Uluslararası hukuk ve insanlık adına tarihi bir ana tanıklık edildiğinin altını çizen Yüksel, sözlerini şöyle sürdürdü:

"Uluslararası Ceza Mahkemesinin verdiği tutuklama kararları, adaletin sınır tanımadığını ve mağdurların sesi olmayı sürdüreceğini bize bir kez daha gösterdi. Bu kararın icrası, kararın verilmesinden daha önemlidir. Bu nedenle her aşamayı takip ettiğimiz gibi bu kararın icrasının da takipçisi olacağız. UCM, İsrail'in itirazlarını oy birliğiyle reddederek, Roma Statüsü'nün adalet mekanizmalarını kararlılıkla uygulamıştır."

Cüneyt Yüksel, kararın, insanlık adına mücadele eden herkesin sesi, sessiz bırakılmış milyonların çığlığı olduğunu dile getirdi.

Tutuklama emirlerinin, Gazze'de yankılanan acının, Filistin halkının çektiği ızdırabın ve insanlık onuruna yapılan saldırıların cezasız kalmayacağına dair güçlü bir beyan olduğunun altını çizen Yüksel, UCM'nin, Netanyahu ve Gallant'ın suç işlediğine dair "makul gerekçeler" olduğunu belirttiğini anlattı.

Yüksel, "Uluslararası bir mahkeme olan UCM'den gelen bu kararın Netanyahu ve hükümetini durdurması gerekmektedir. Artık mızrak çuvala sığmamaktadır. Çünkü, Netanyahu ve hükümetinin, cinayet şebekesinin, uluslararası mahkemeler tarafından aleyhine kararlar alındıktan sonra Gazze ve Batı Şeria'daki saldırıları yoğunlaştırma eğiliminde olduğunu gözlemliyoruz." diye konuştu.

Filistin halkının yıllardır ablukanın gölgesinde yaşam mücadelesi verdiğine dikkati çeken Yüksel, dünyanın Filistin halkının çığlıklarını duymazdan geldiğini belirtti. Yüksel, "Anneler, evlatlarını kucaklarında toprağa verirken adaletin sessiz kaldığını da gördük. Gazze'nin insanları yıkıntılar arasında yaşamaya çalışırken dünya kör ve sağır gibi davrandı. Ama bugün tarihi bir gün. Adalet onların yanında olduğunu bu kararla gösterdi. Netanyahu ve Gallant gibi bu cinayet şebekelerinin, savaş suçları ve insanlığa karşı suçlar nedeniyle sorumlu tutulacakları kararı verilmiş oldu. Bu sadece hukukun değil, insanlık onurunun zaferidir." değerlendirmelerinde bulundu.
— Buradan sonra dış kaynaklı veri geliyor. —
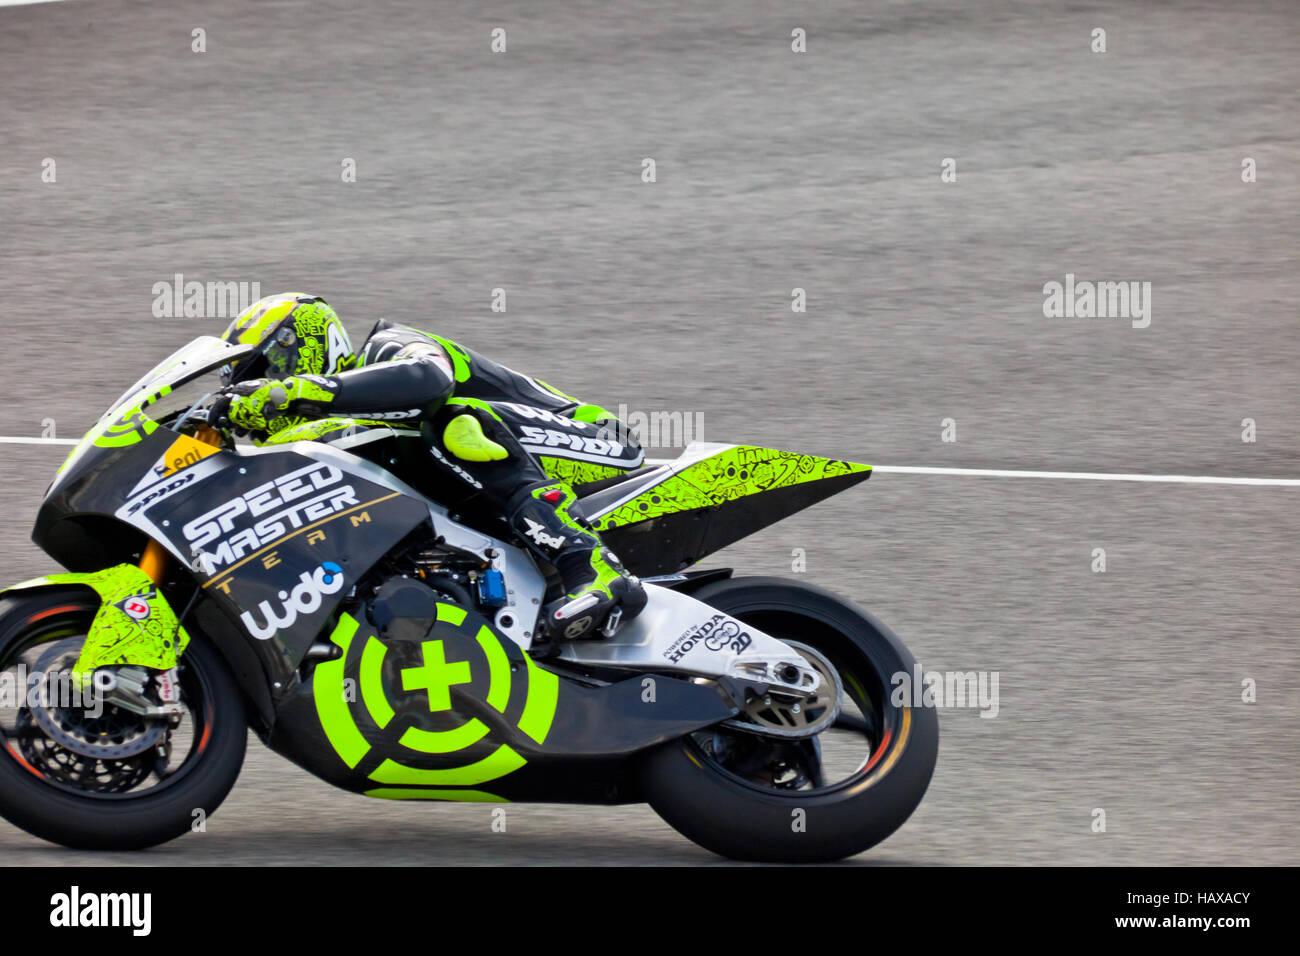 Andrea Iannone pilot of Moto2 in the MotoGP - Stock Image

"Adalet, güçlülerin lütfu değil mazlumların hakkıdır"

UCM'nin mazlumların çığlığını duyduğunu vurgulayan Yüksel, kararın, adaletin ne kadar güçlü bir araç olduğunu gösterdiğini ifade etti.

TBMM Adalet Komisyonu Başkanı Yüksel, kararın İsrail ve cinayet şebekesi için cezasızlık döneminin bittiğini ilan ettiğini de dile getirdi.
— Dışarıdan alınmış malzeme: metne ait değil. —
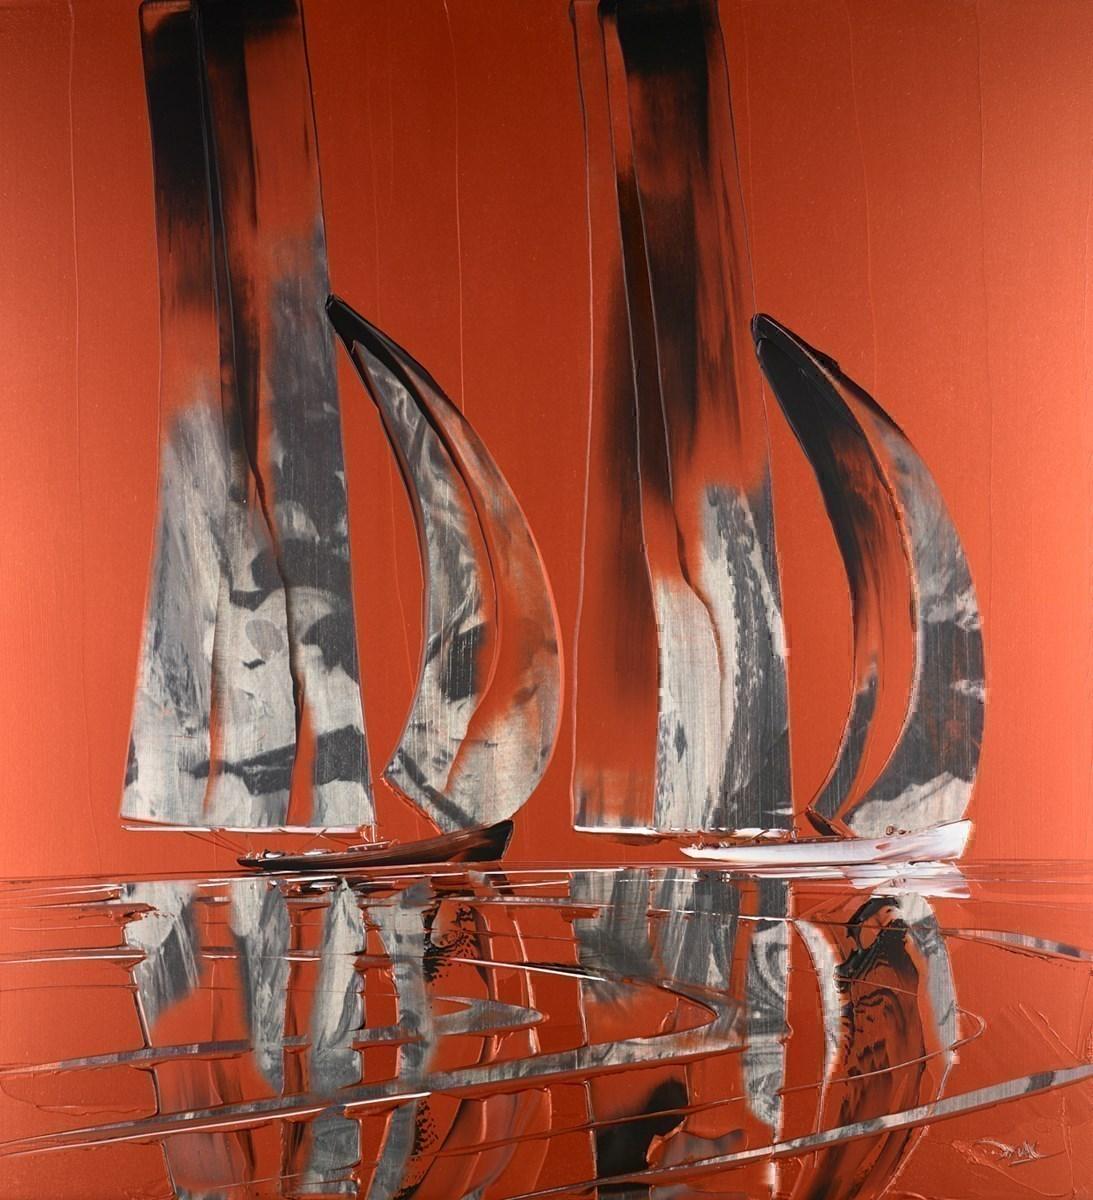 Copper Sails

Tutuklama kararlarının tarihi ve cesur bir adım olduğuna işaret eden Yüksel, UCM'nin, Filistin topraklarında işlenen suçlar için yargı yetkisini teyit ettiğini söyledi. İsrail'in yargı yetkisine itirazlarının, UCM tarafından reddedildiğini de anlatan Yüksel, Netanyahu ve Gallant'ın, savaş suçları ve insanlığa karşı suçlardan sorumlu tutulduğunun ifade edildiğini aktardı.
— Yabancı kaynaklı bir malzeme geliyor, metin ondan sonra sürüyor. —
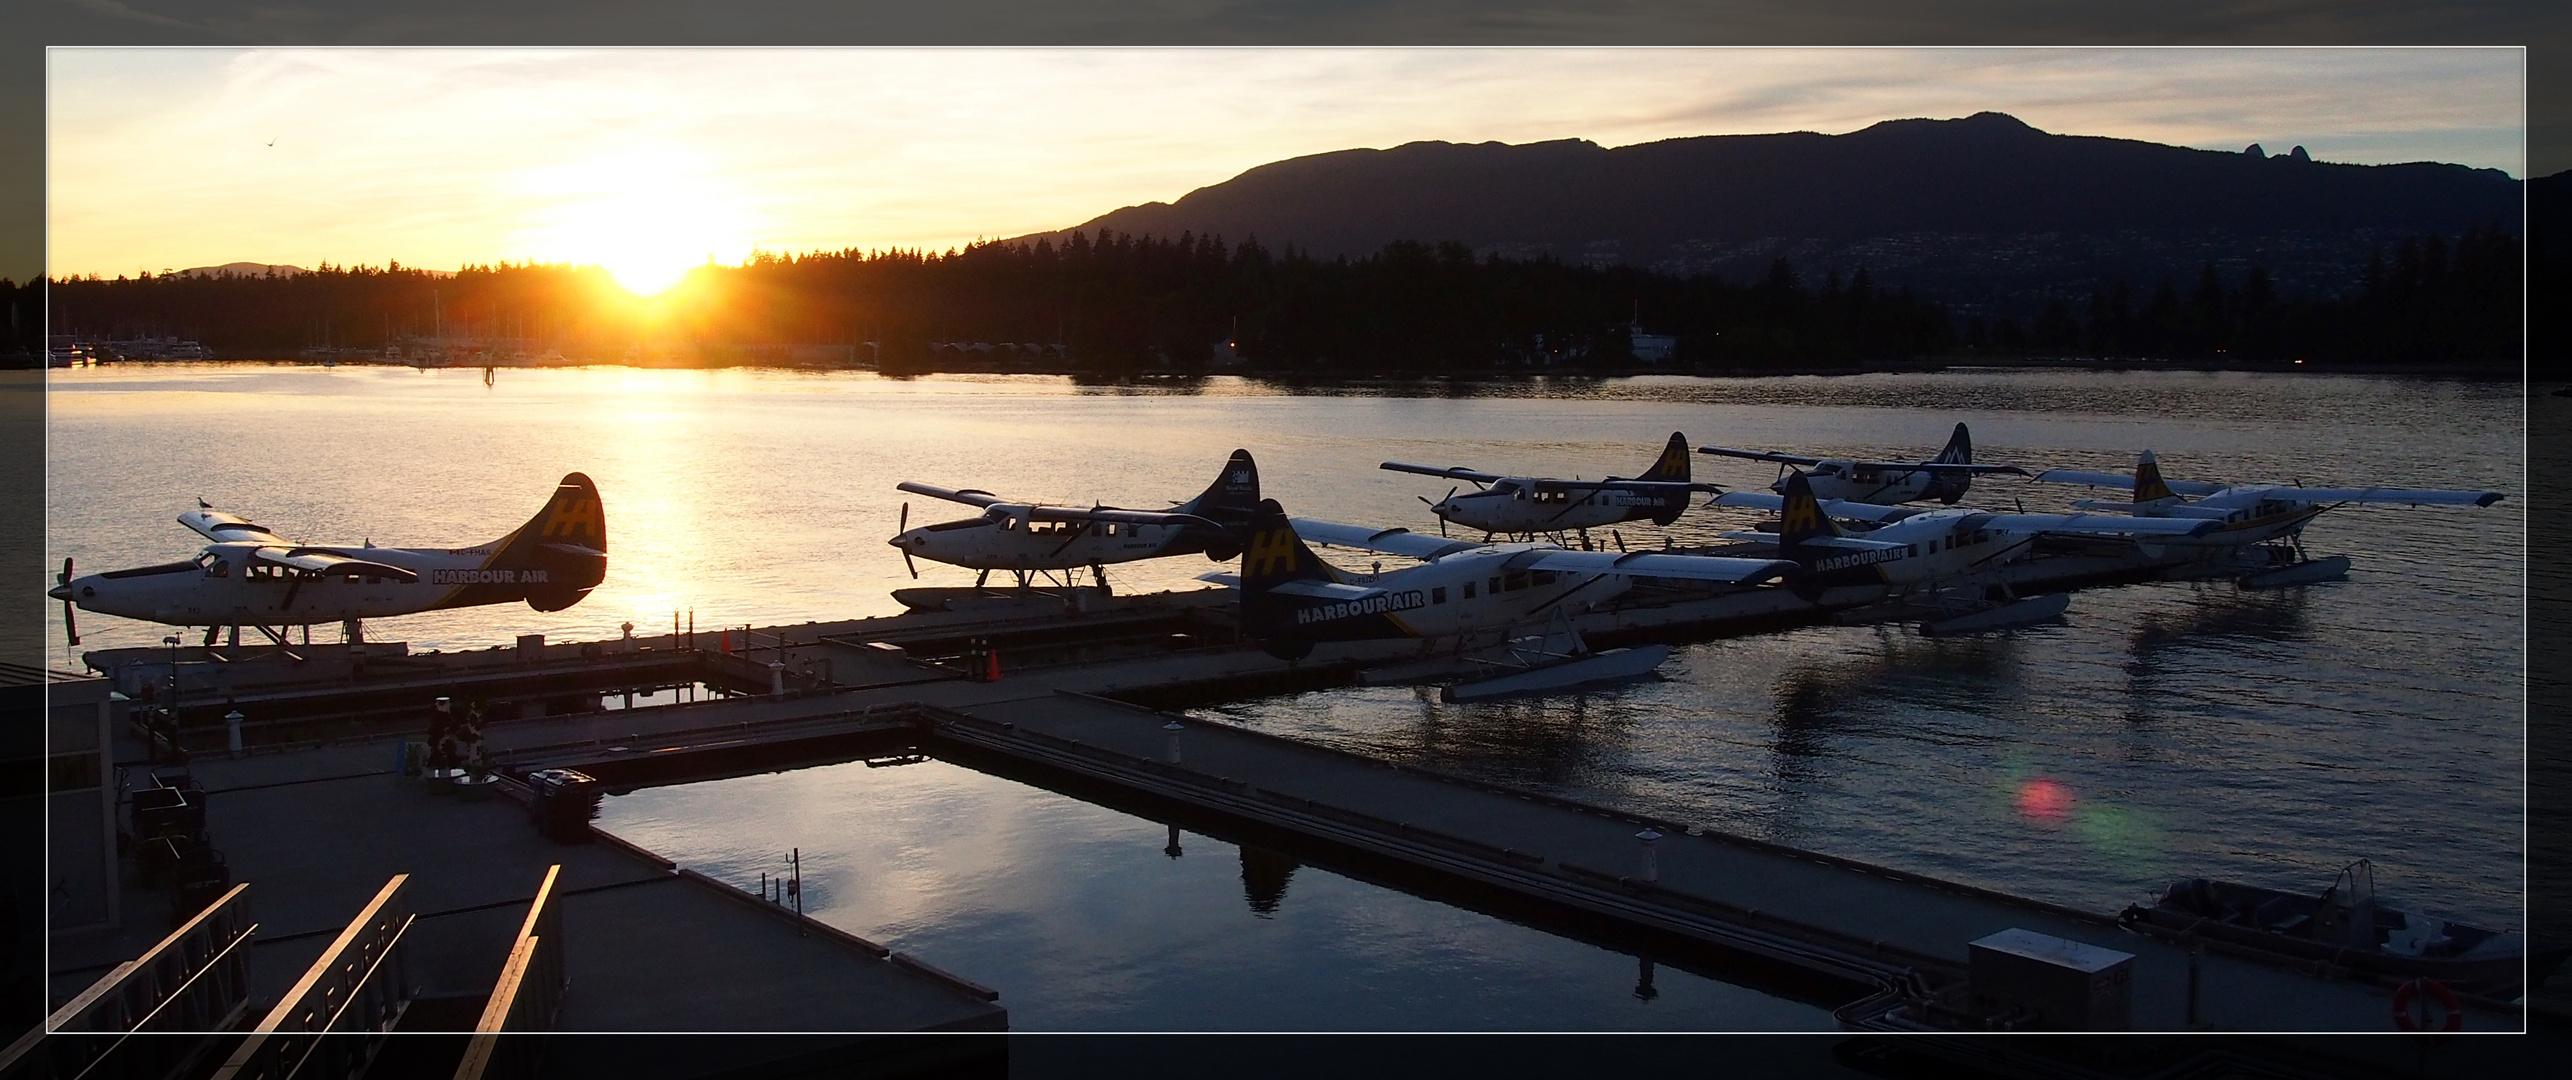 SEA-AIRPORT, Vancouver
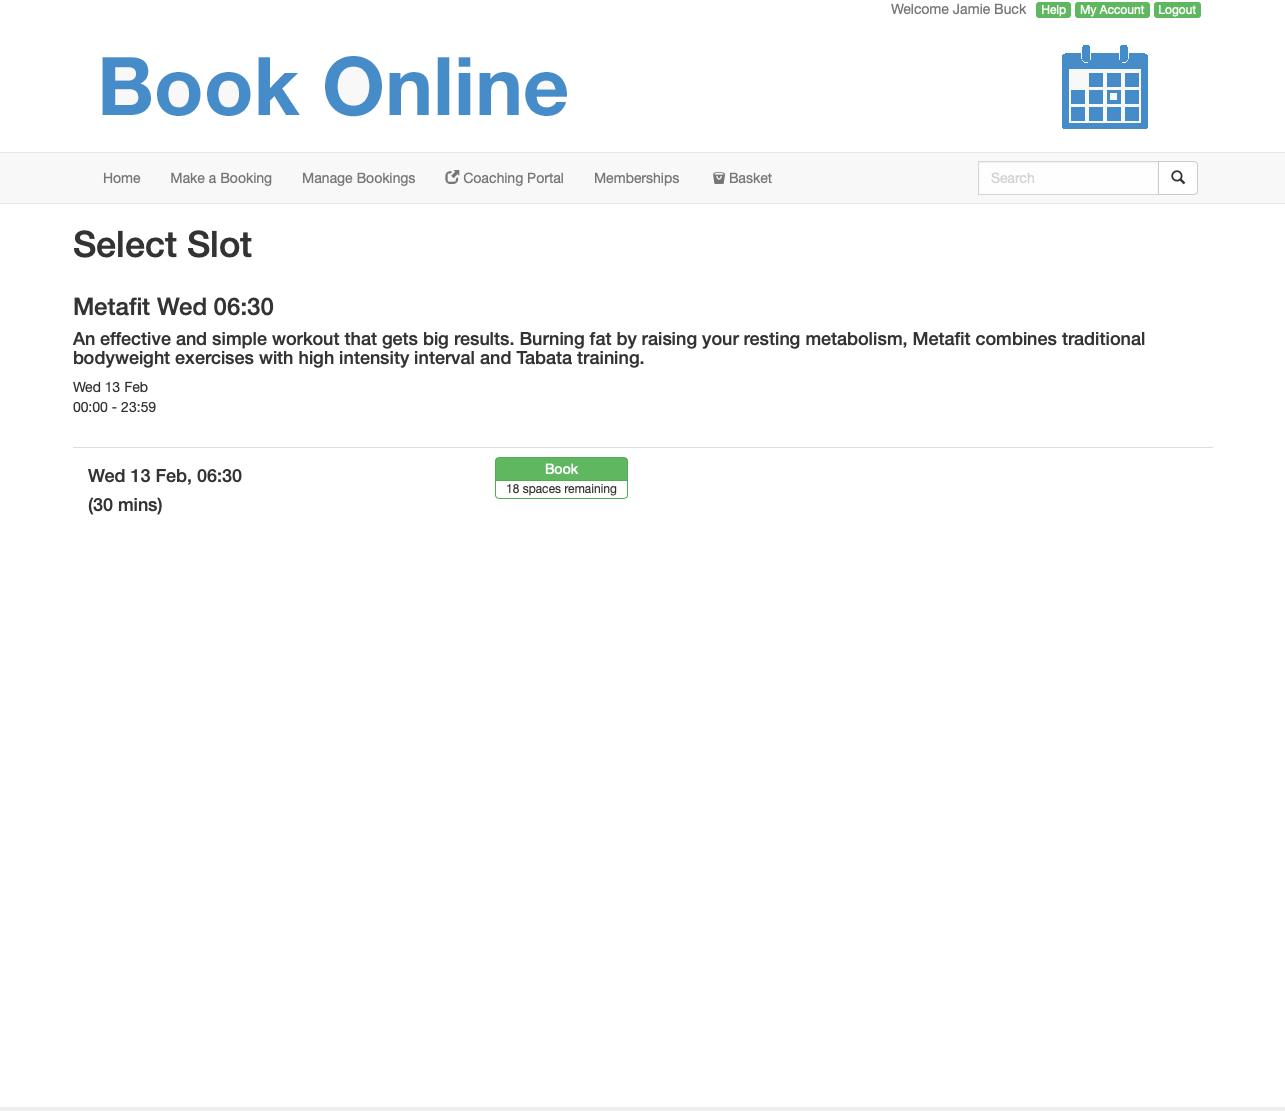 Deep Click to Book link

Cüneyt Yüksel, UCM'nin kararlılığının, insan haklarına olan bağlığı ve savaş suçlarıyla mücadeleyi pekiştirdiğini belirterek, şunları kaydetti:

"Adalet, güçlülerin lütfu değil, mazlumların hakkıdır ve bugün bu hakkın teslim edildiği bir gün olmuştur. Bundan sonraki süreçte bugüne kadar olduğu gibi insanlık vicdanında mahkum olan İsrail'in hukuk önünde de mahkumiyetinin sağlanabilmesi için çalışmalarımızı Sayın Cumhurbaşkanımızın liderliğinde kararlılıkla sürdüreceğiz. Uluslararası Ceza Mahkemesi ve Uluslararası Adalet Divanı nezdinde yürütülen hukuki süreçlere elimizden gelen tüm desteği sunacağız."